Interest rates have increased dramatically since the end of 2017 and are expected to continue climbing. How can fixed income investors insulate themselves from inherent risks while taking advantage of the opportunities presented by this change in market dynamics? At Sage, we believe the best course of action is to make a strategic shift from fixed to floating rate bonds, which offer benefits that may not be so obvious to investors.

Market dynamics: Why rates will continue to rise

U.S. Treasury rates have increased for both fundamental and technical reasons, including commodity price increases, labor market tightening, and the Fed’s shrinking balance sheet.

Inflation expectations have in shot up in recent months due to an increase in commodity prices and tightening labor market conditions. With unemployment in the U.S. now below 4%, labor has become scarce, and thus wages should increase. The chart below shows the breakeven rates on Treasury inflation-protected securities (TIPS), used as a proxy for inflation expectations, which are on the rise.

Various geopolitical factors, including conflict with Iran, poor oil production performance from the leftist government in Venezuela, and increased global demand for liquefied petroleum products has caused the price of oil to increase dramatically in 2018.

In addition to these fundamental shifts, there is a large technical factor driving Treasury rates higher. The U.S. Federal Reserve’s Federal Open Market Committee (FOMC) has begun to shrink its balance sheet, allowing up to $10 billion of Treasuries and mortgages to “roll off” each month rather than reinvesting in those markets. The FOMC has been one of the largest buyers of U.S. Treasuries and mortgages, but is paring down assets to $2.5 trillion from $4.5 trillion at the peak. We anticipate that net global quantitative easing, used to support fixed income markets, will become negative by October, as the European Central Bank and the Bank of Japan also decrease their balance sheets.

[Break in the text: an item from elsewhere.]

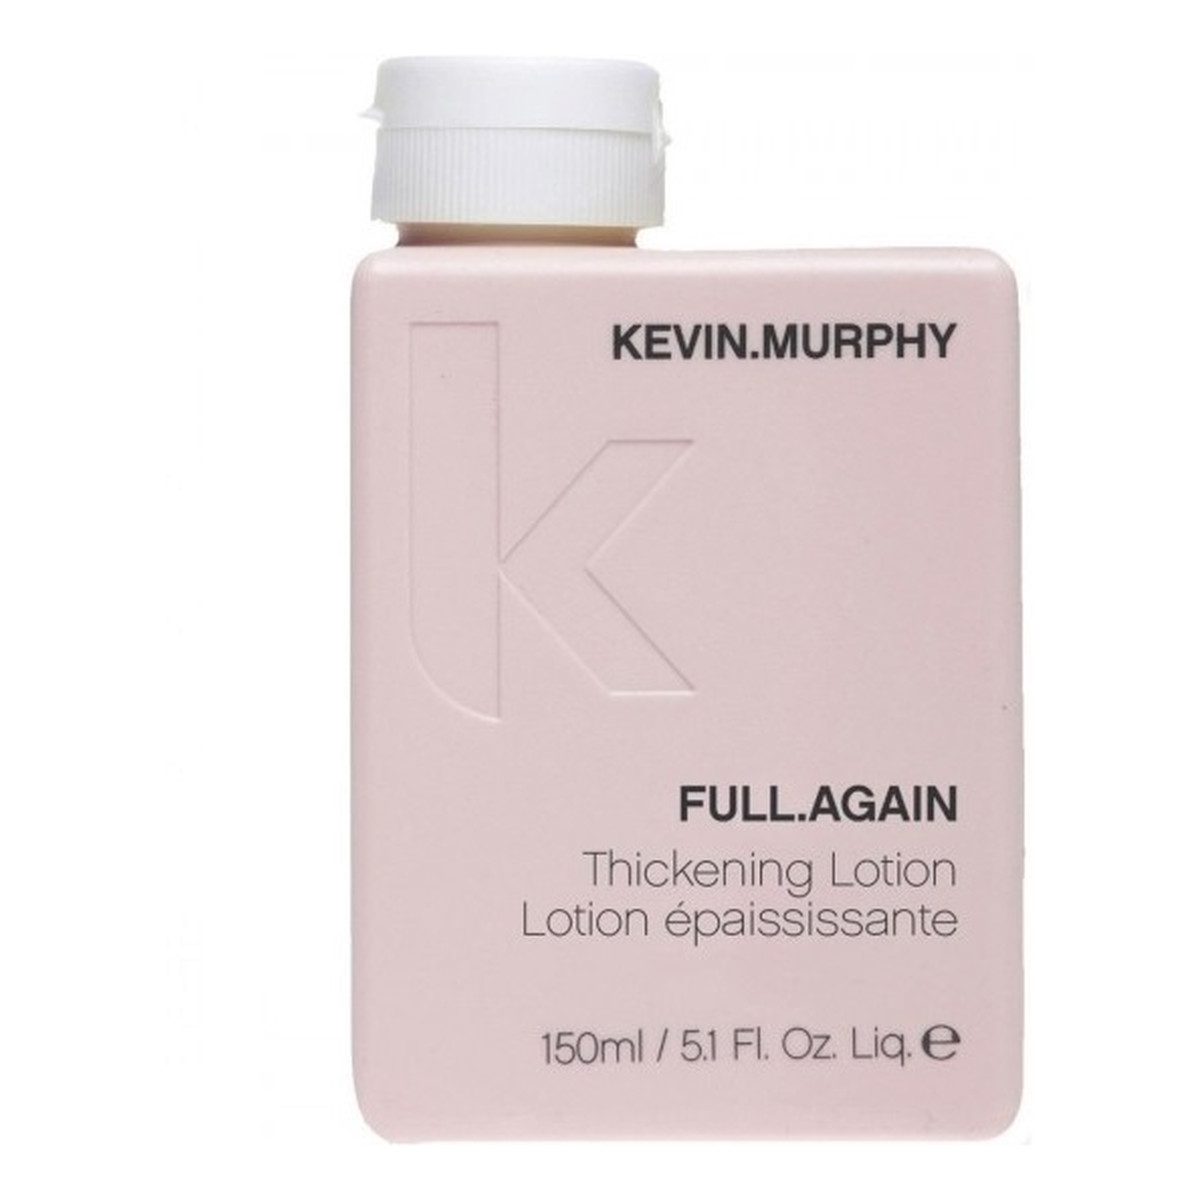 Kevin Murphy Full.again thickening lotion zwiększający objętość włosów 150ml

What should fixed income investors do in a rising rate environment?

It may seem obvious that one would want to invest in floating rate bonds as interest rates increase, because rising rates will cause the coupons of floaters to rise in tandem with nominal rates, while fixed rate coupons will remain the same, causing the price of these bonds to decrease. But there is an additional benefit that may not be so obvious to most investors.

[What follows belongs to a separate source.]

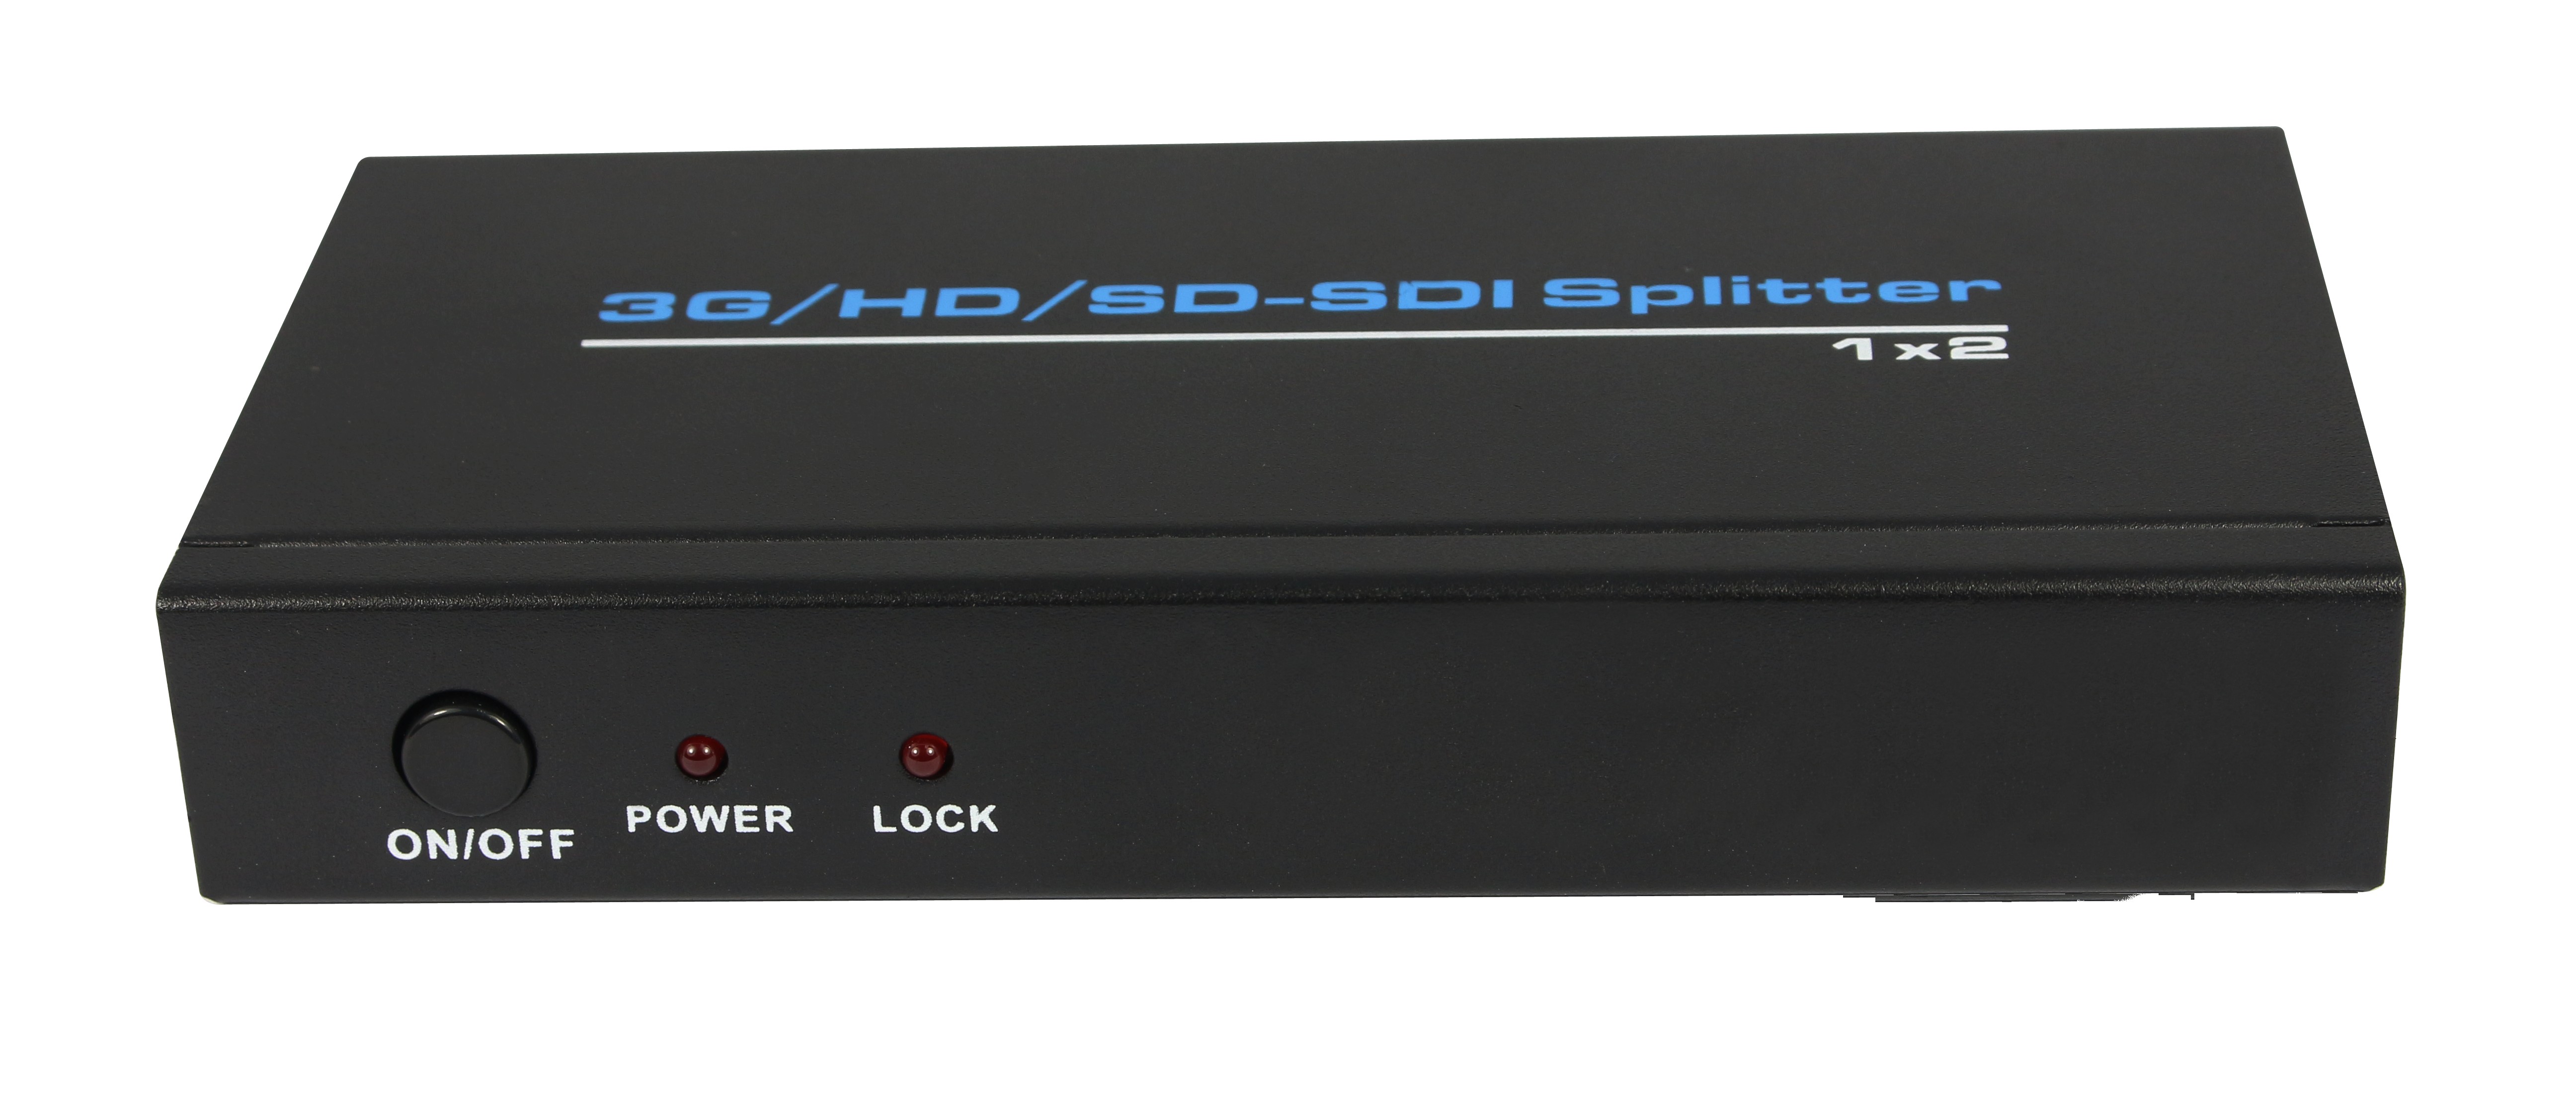 VOXLINK 3G/HD/SD_SDI Splitter 1 x 2  EU

Floating rate asset-back securities (ABS), corporate bonds, and leveraged loans are all priced based on LIBOR, the London Interbank Offered Rate. This rate is set by a consortium of banks in the UK, and it is meant to represent the rate at which one bank would lend to another at various maturities. The ABS floaters generally price off the one-month LIBOR rate, while corporate securities generally use the three-month LIBOR rate as the benchmark. Because it is a rate of interest between banks, LIBOR has a credit component embedded along with pure interest rate considerations. As such, LIBOR rates tend to increase during periods of financial stress, while pure nominal interest rates tend to decline.

The chart below shows LIBOR versus the two-year U.S. Treasury. During the Dotcom Bubble, the Great Recession of 2008 and, to a lesser extent, during the European Debt Crisis of 2011, LIBOR increased while nominal rates decreased (as is typical in a “risk-off” environment).

 

This increase in LIBOR allows the coupon to increase to levels that will insulate bondholders somewhat from the dramatic spikes in both interest rates and credit spreads. The fixed income market has benefited from a prolonged low-spread and low-rate environment, but there’s reason to believe that may be coming to an end. As credit spreads increase concurrently with rising interest rates, we believe that floating rate bonds and loans are the best place for fixed income investors to achieve positive returns.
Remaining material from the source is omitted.